Alexander Thauer, Betriebsratsvorsitzender bei Warema, zeigte sich entsetzt über das Vorgehen der Unternehmensleitung: "Dass ihr euch Informationen erstreiten müsst, die euch gesetzlich selbstverständlich zustehen, ist absurd", sagt er. Jonas Schneider, Regionalsekretär der DGB Unterfranken, sprach im Namen der anderen Gewerkschaften Mut zu. "Einen Haustarifvertrag zu erstreiten, ist eine riesige Leistung", sagte er. Schneider habe Respekt davor, dass die Beschäftigten etwas riskieren und nicht einfach in einen anderen Betrieb wechseln würden.

Die Zukunft der Verhandlungen ist derzeit ungewiss

Immer wieder redete Zirnsak der Belegschaft gut zu: "Der Kampf um einen Tarifvertrag hier wird kein 100-Meter-Lauf sein", sagte er. Der Streik sei ein Recht der Beschäftigten, sie sollten sich nicht einschüchtern lassen. Die Notwendigkeit der Lohnerhöhung betonte er vehement: "Niemand kann es sich leisten, hier nachzugeben."

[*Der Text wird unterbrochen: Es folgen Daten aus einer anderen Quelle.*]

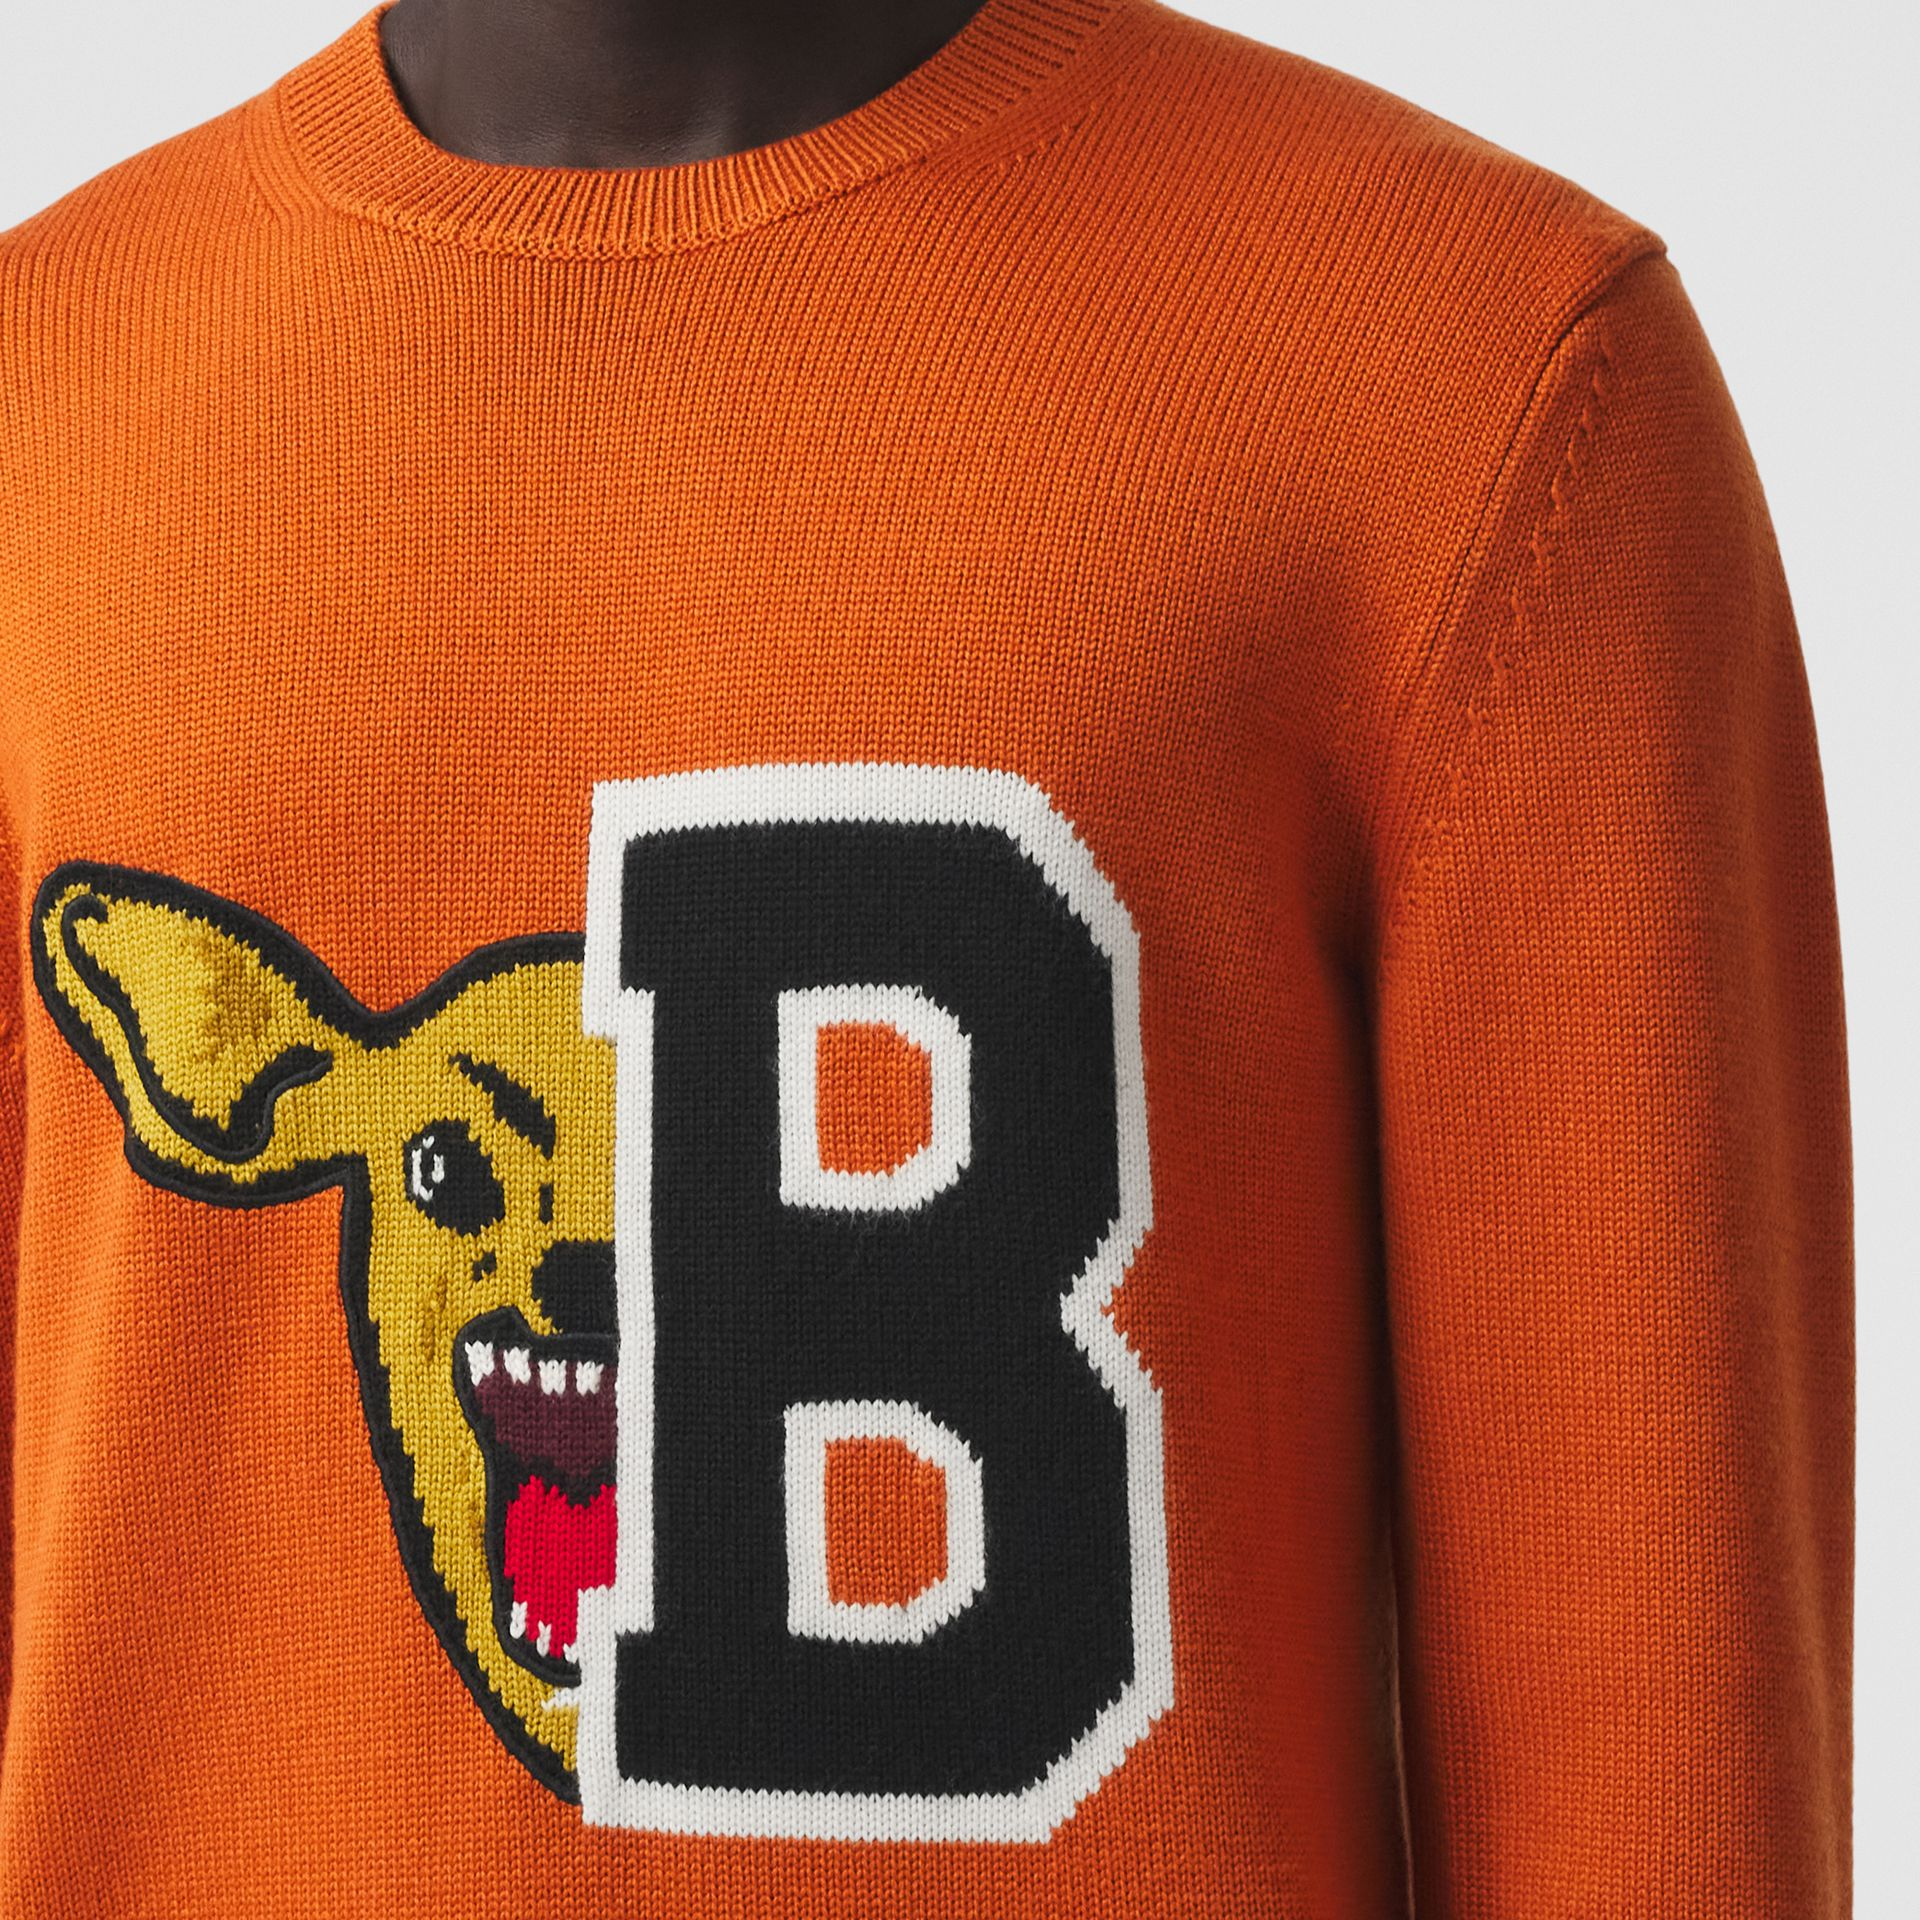 Varsity Graphic Merino Wool Jacquard Sweater in Burnt Orange - Men | Burberry - gallery image 1

Das bestätigte Rainer Kirchschlager (58), der seit 34 Jahren im Betrieb ist. "Manchmal habe ich schlaflose Nächte." Geldsorgen würden ihn dann einholen, und die Sorge um die Zukunft seiner Söhne, die beide im Betrieb ihre Ausbildung gemacht haben. "Ich hoffe, dass es bald vorbei ist, und man sich wieder auf die Arbeit konzentrieren kann." 

Mario Hümmer (47) ist seit seiner Ausbildung im Betrieb und beobachtet, dass die Belegschaft immer älter werde und junges Personal das Unternehmen verlasse. "Wir waren früher stolz, dass wir hier arbeiten dürfen – aber momentan fühlt es sich so an, als wären wir das Gespött vom ganzen Landkreis." 

Die Zukunft der Verhandlungen ist derzeit ungewiss: Ohne ein "ordentliches Angebot" setze er sich nicht mehr an einen Tisch mit Interimsmanager Michael Hagmann und Inhaberin Sabine Wenz, erklärte Zirnsak. Die Klagen vor dem Arbeitsgericht könnten derzeit allerdings noch zurückgezogen werden, sollte die geforderte Lohnerhöhung erfolgen. Andererseits würde er aber auch einen unbefristeten Erzwingungsstreik erwägen, wenn es "erforderlich würde". 

Vonseiten des Unternehmens heißt es weiterhin, dass Dialogbereitschaft zur IG Metall bestehe, MIWE sich aber nicht zu den Tarifverhandlungen äußern werde.